Abdullah Abdullah, who won the most votes in the first round of the election in April, is trying to stave off ex-finance minister Ashraf Ghani Ahmadzai in a runoff. Ghani led Abdullah by seven percentage points in a survey this month of 2,800 voters conducted by research group Glevum Associates. It had a margin of error of 1.8 percentage points.
The winner faces the challenge of boosting growth in one of Asia’s poorest economies while fighting Taliban insurgents as the U.S. reduces troops in the country. Abdullah survived a suicide attack last week in Kabul that killed six people, underscoring the dangers as the Taliban vow to disrupt the vote.

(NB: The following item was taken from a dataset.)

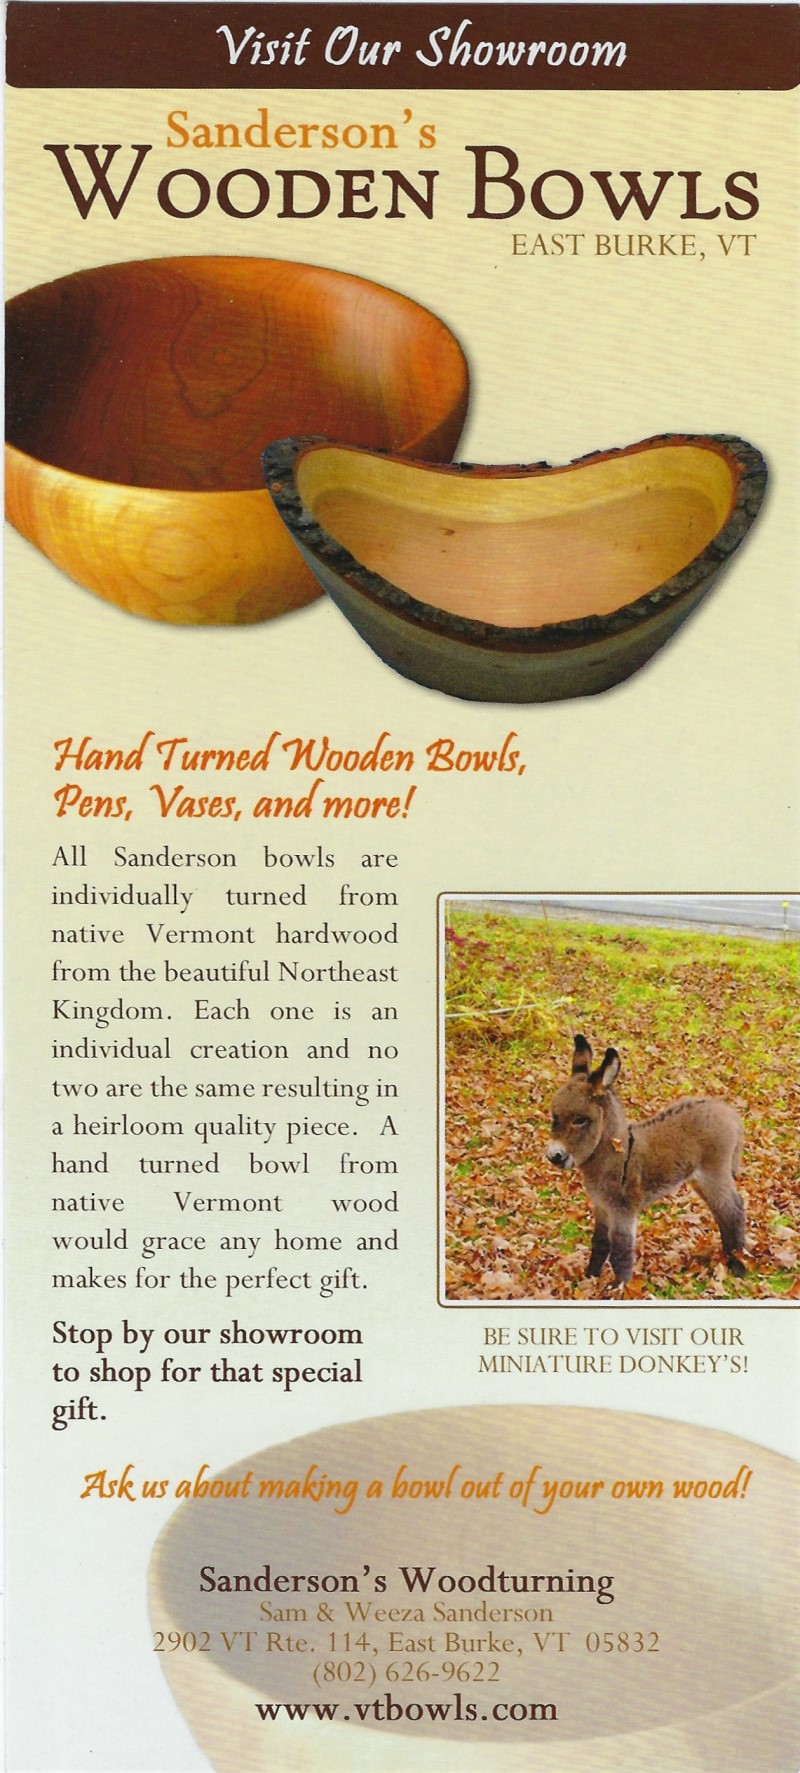 Sanderson's Wooden Bowls brochure thumbnail

“There were no disputes or violence after April 5 because there was no winner,” Abdullah Ahmadzai, deputy country representative in Kabul for the Asia Foundation and former chief of Afghanistan’s election commission. “Now, that will not be the case, and we can only hope that the losing party accepts the outcome of the election with responsible behavior.”

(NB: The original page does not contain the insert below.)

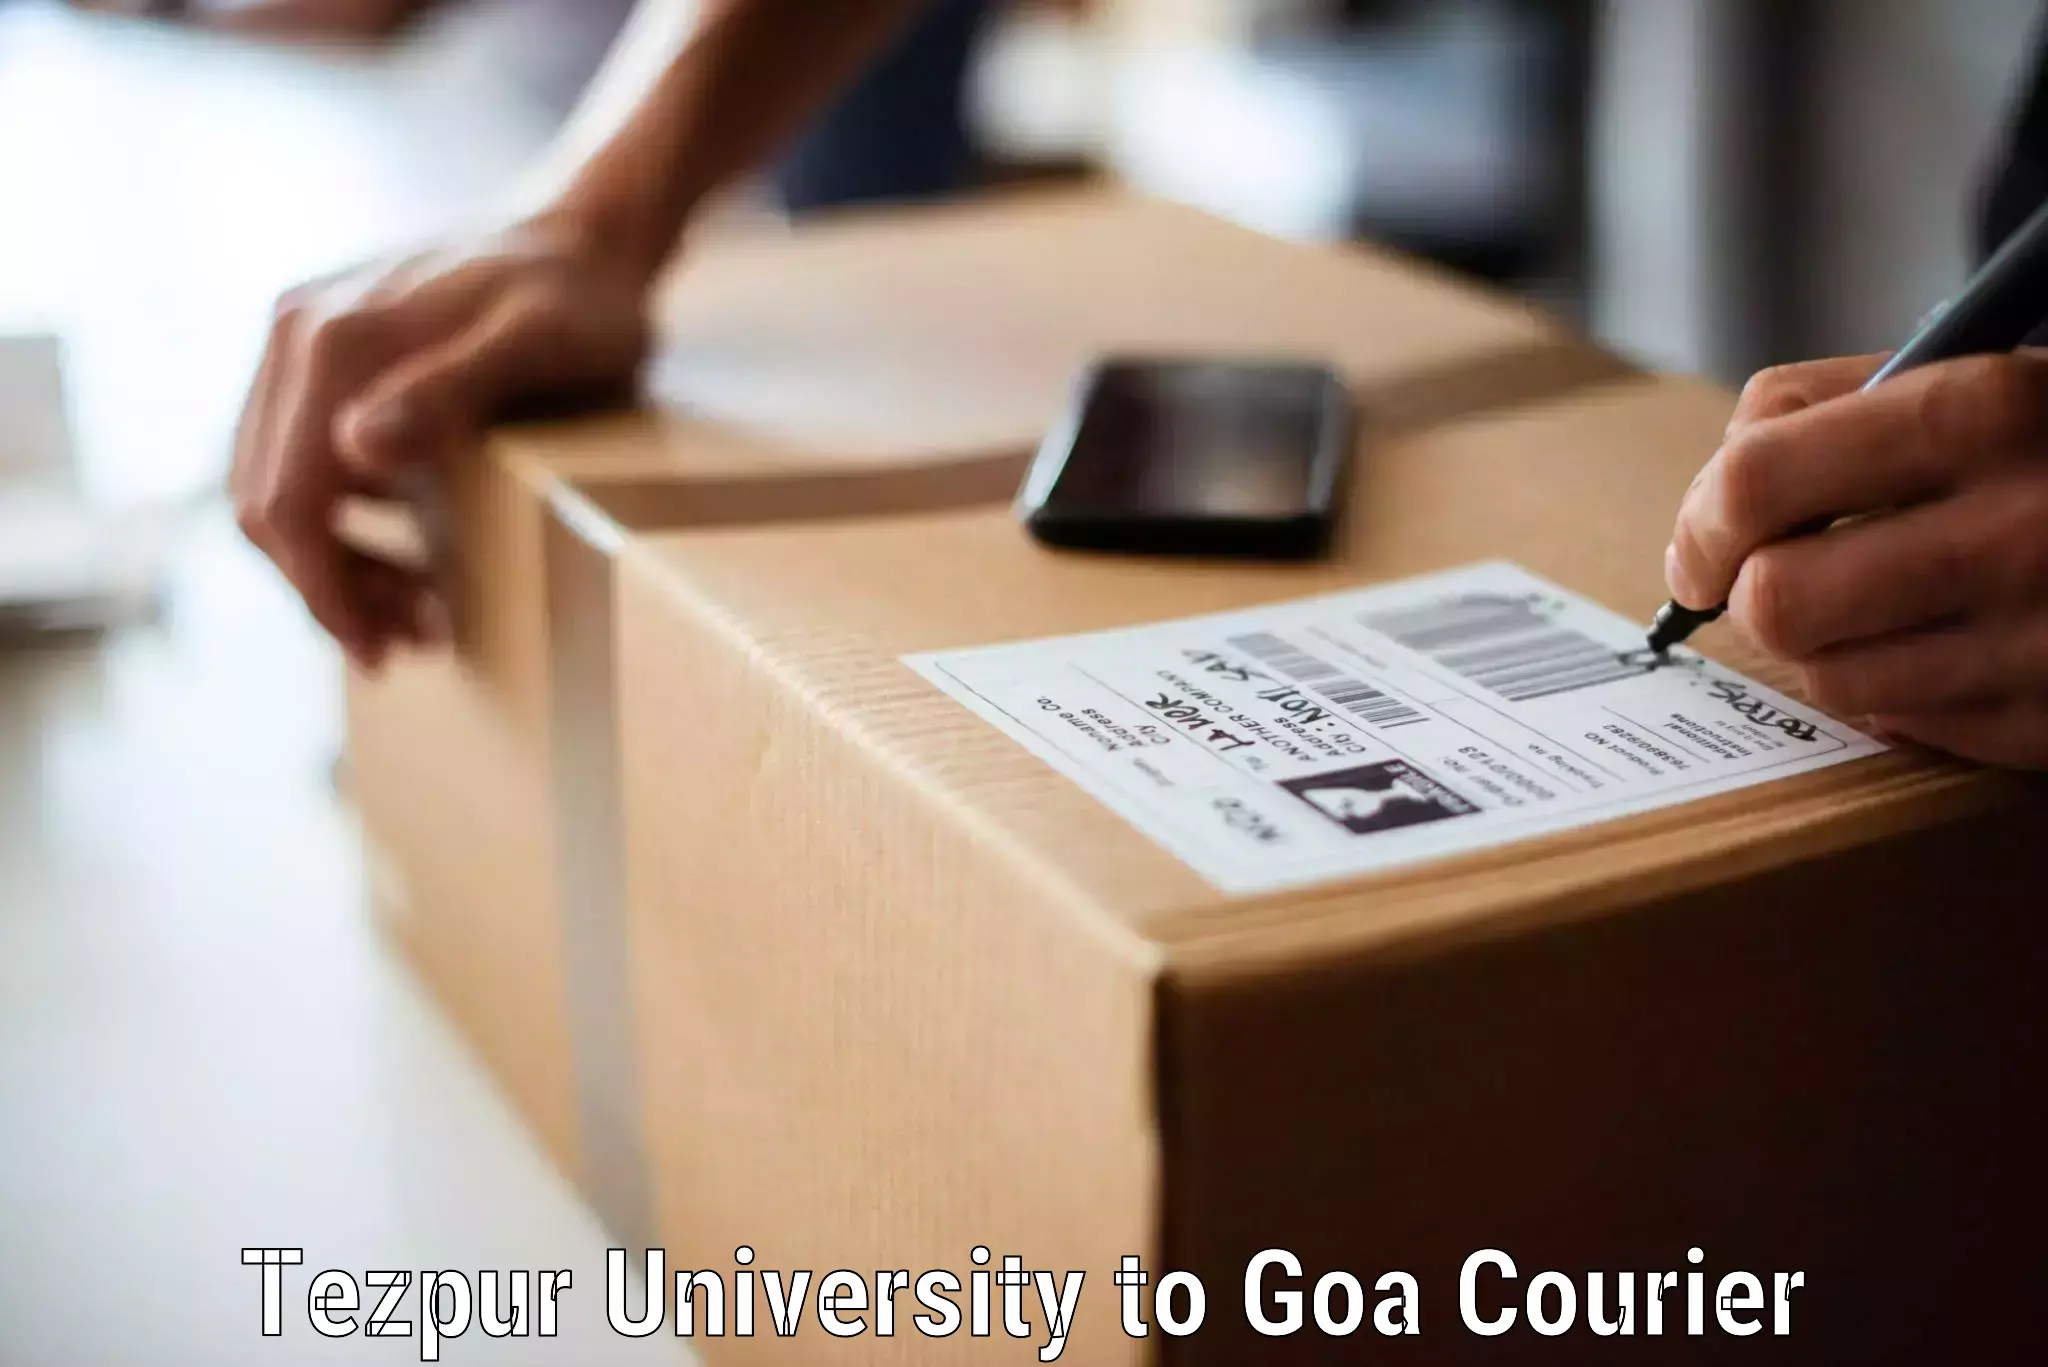 Quality moving company Tezpur University to Goa

About 400,000 members of the Afghan National Security Forces will be deployed across the country to ensure security for tomorrow’s vote, General Mohammad Zahir Azimi, a defense ministry spokesman, told reporters yesterday in Kabul.

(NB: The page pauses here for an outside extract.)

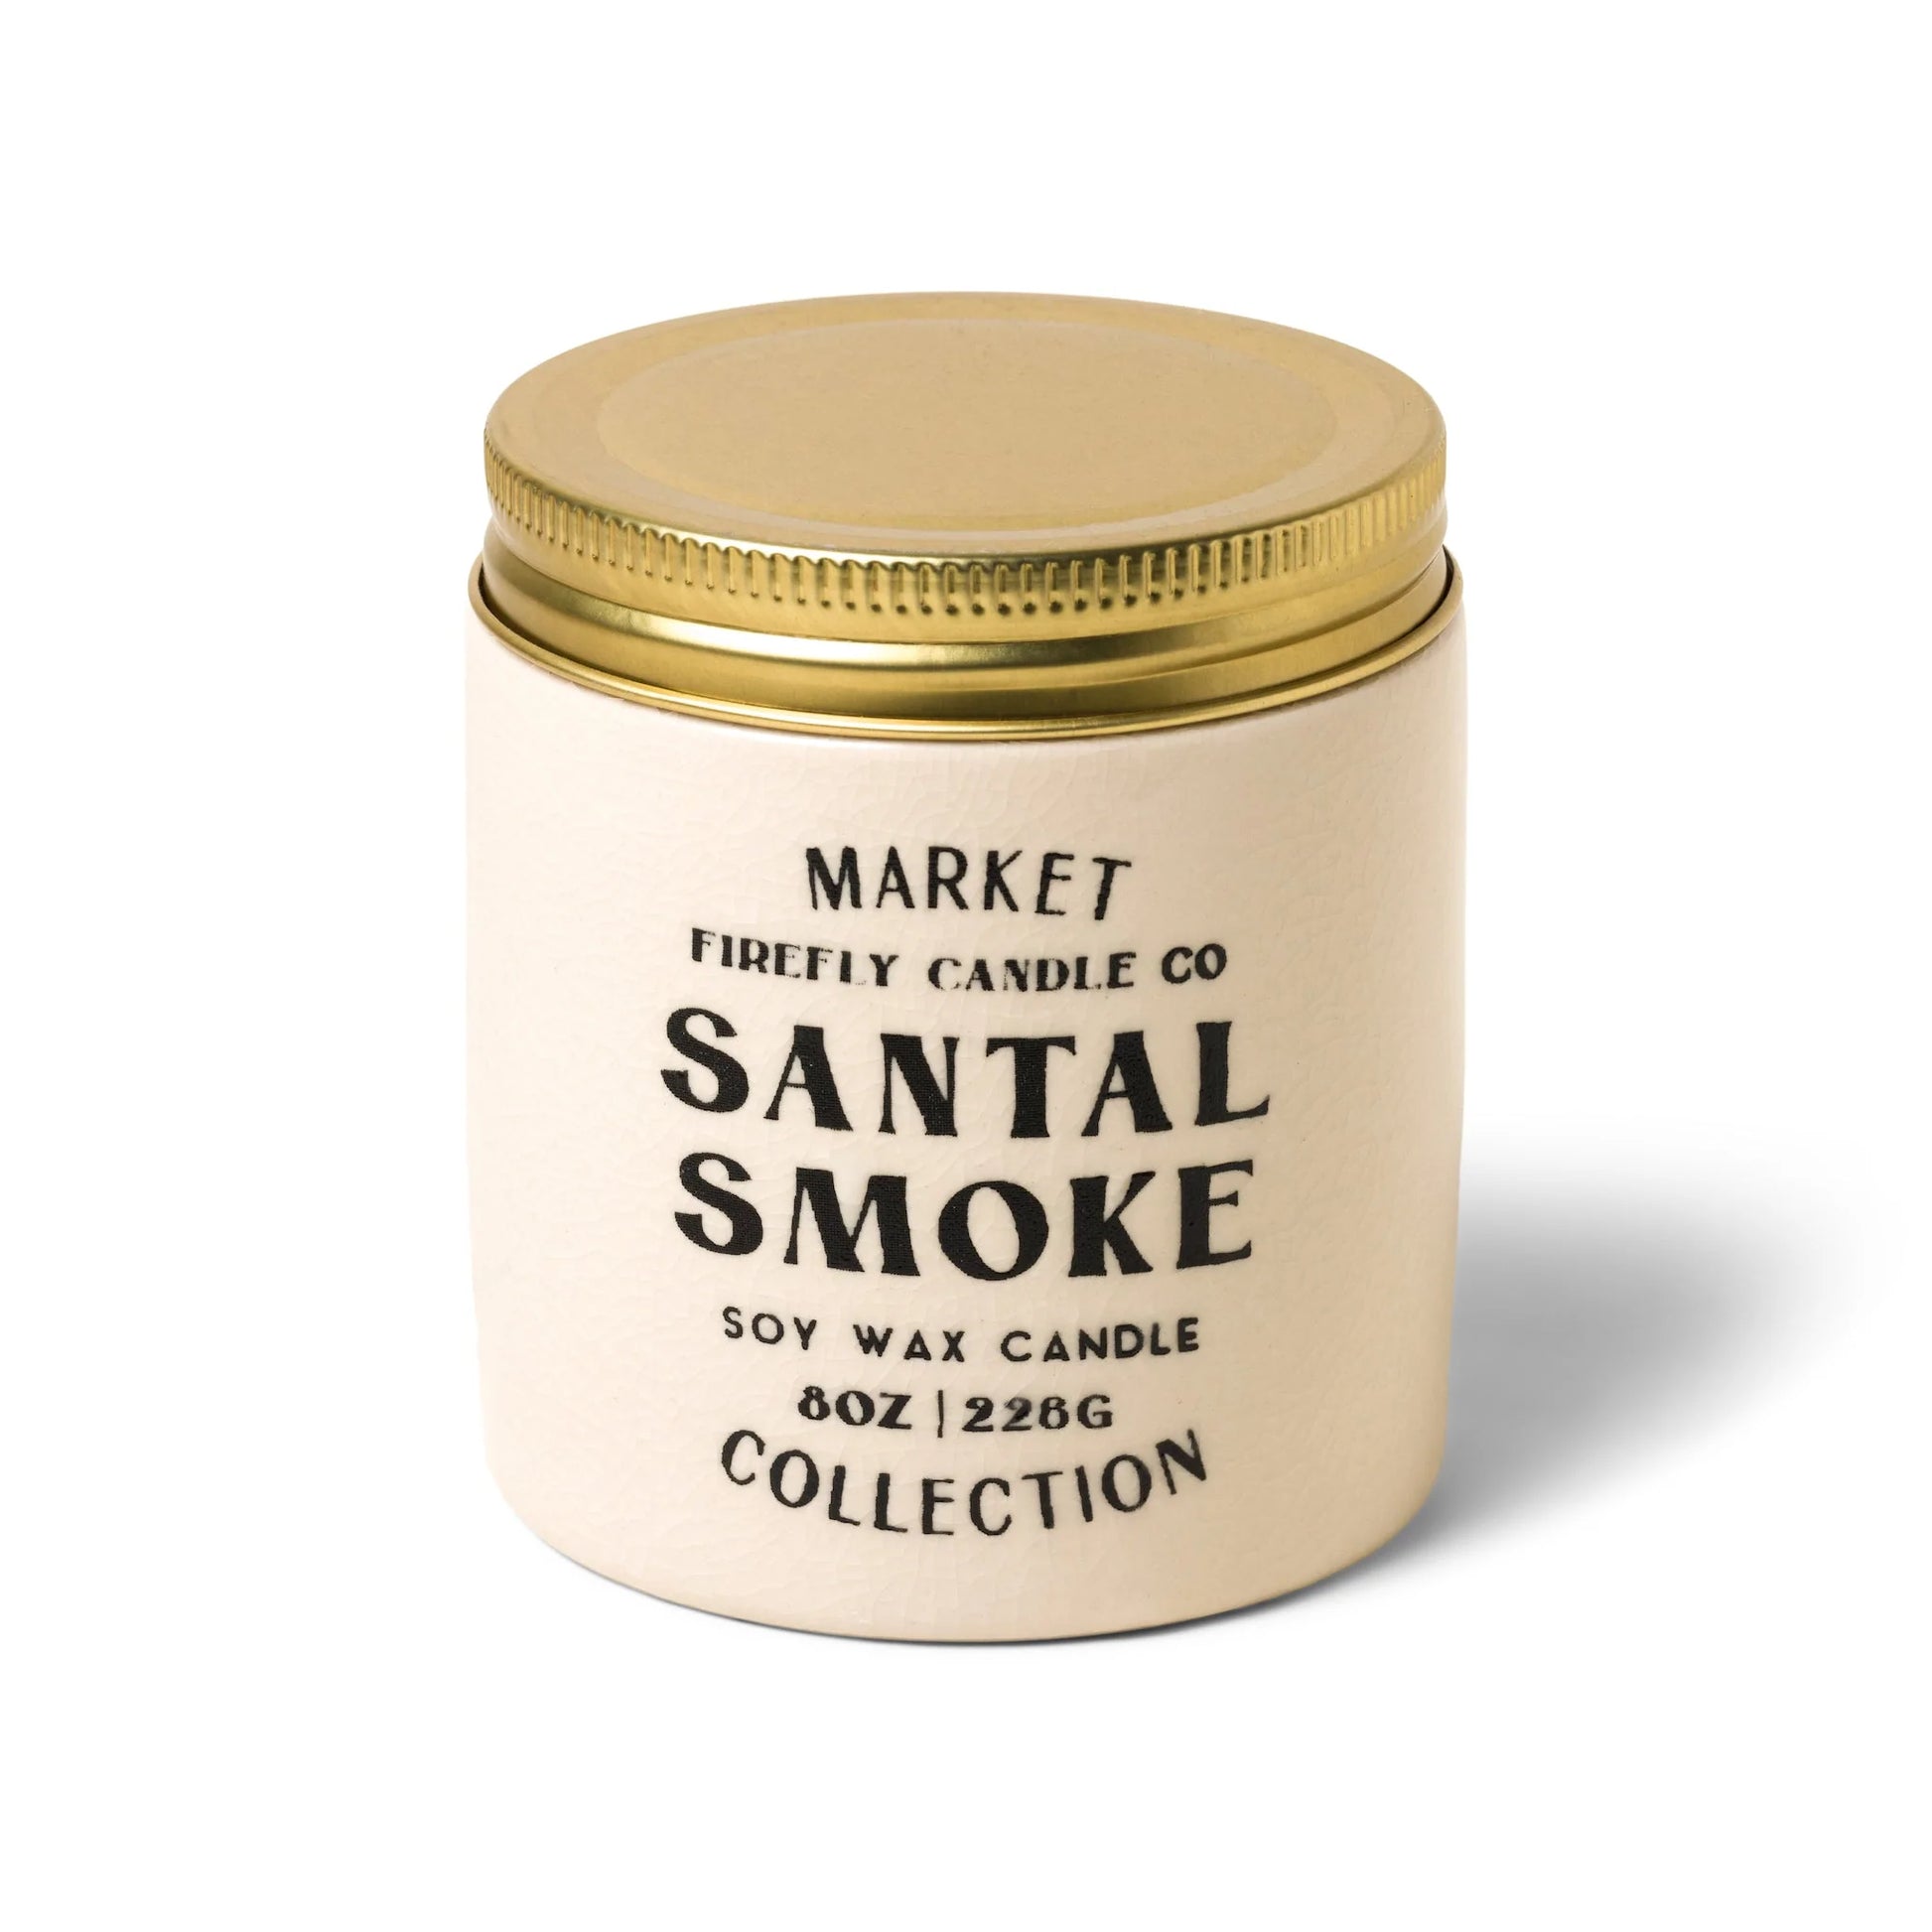 Market 8 oz Candle - Santal Smoke jar and metallic lid

The Taliban in a statement three days ago called for “nonstop” attacks on election day “so that the enemy is paralyzed and this process is aborted.” Fresh elections must be held if a presidential candidate dies before the declaration of election results, according to the constitution.
Polls will be open from 7:00 a.m. to 4:00 p.m., Marzia Siddiqi, a spokeswoman for the Independent Election Commission of Afghanistan, said by phone. Partial election results will start to be released from July 2 and final results are scheduled to be announced July 22.
“Afghan will again show another big defeat for Taliban through casting their votes in the ballots,” said Shukria Barekzai, a member of parliament. “The challenge for the government is how to safeguard the vote from fraud,” she said.
Abdullah won 45 percent of more than 7 million votes on April 5, with Ghani taking 32 percent. Turnout was double the previous presidential election in 2009. A runoff was necessary because no candidate took more than 50 percent of votes.
Abdullah and Ghani both have vowed to sign a security pact with the U.S. immediately after taking office. Karzai has delayed signing the deal, known as the Bilateral Security Agreement, which is needed to keep U.S. troops in the country beyond this year and secure billions of dollars in pledged aid.
President Barack Obama said last month that U.S. forces in Afghanistan will be reduced to 9,800 by the end of this year, with only a small security assistance force at the embassy by the end of 2016, when he will be preparing to leave office.
Ghani and Abdullah have picked up endorsements from other candidates after the first round and both say they are confident of winning the runoff. Abdullah received the backing of third-place finisher Zalmai Rassoul, whose vice presidential candidate is backing Ghani.
“We are confident that victory is ours,” Ghani said in a May 24 interview.
Abdullah, 53, is half Pashtun and half Tajik. As foreign minister under Karzai, he was a close aide to Northern Alliance commander Ahmad Shah Masood, an ethnic Tajik seen by many Afghans as a national hero who fought against Soviet occupiers in the 1980s and the Taliban in the 1990s.
Ghani is an ethnic Pashtun who served as Afghanistan’s finance minister from 2002-2004 and finished fourth in the 2009 election. He holds a doctorate in cultural anthropology from Columbia University in New York.
Pashtuns account for 42 percent of Afghanistan’s 32 million people, while Tajiks make up 27 percent, according to the CIA World Factbook. Uzbeks and Hazaras account for 9 percent and other groups comprise the rest.
“Ethnicity plays a critical role in determining the fate of a candidate,” Waliullah Rahmani, executive director of the Kabul Center for Strategic Studies, said in a phone interview. “Votes could be split among ethnic lines.”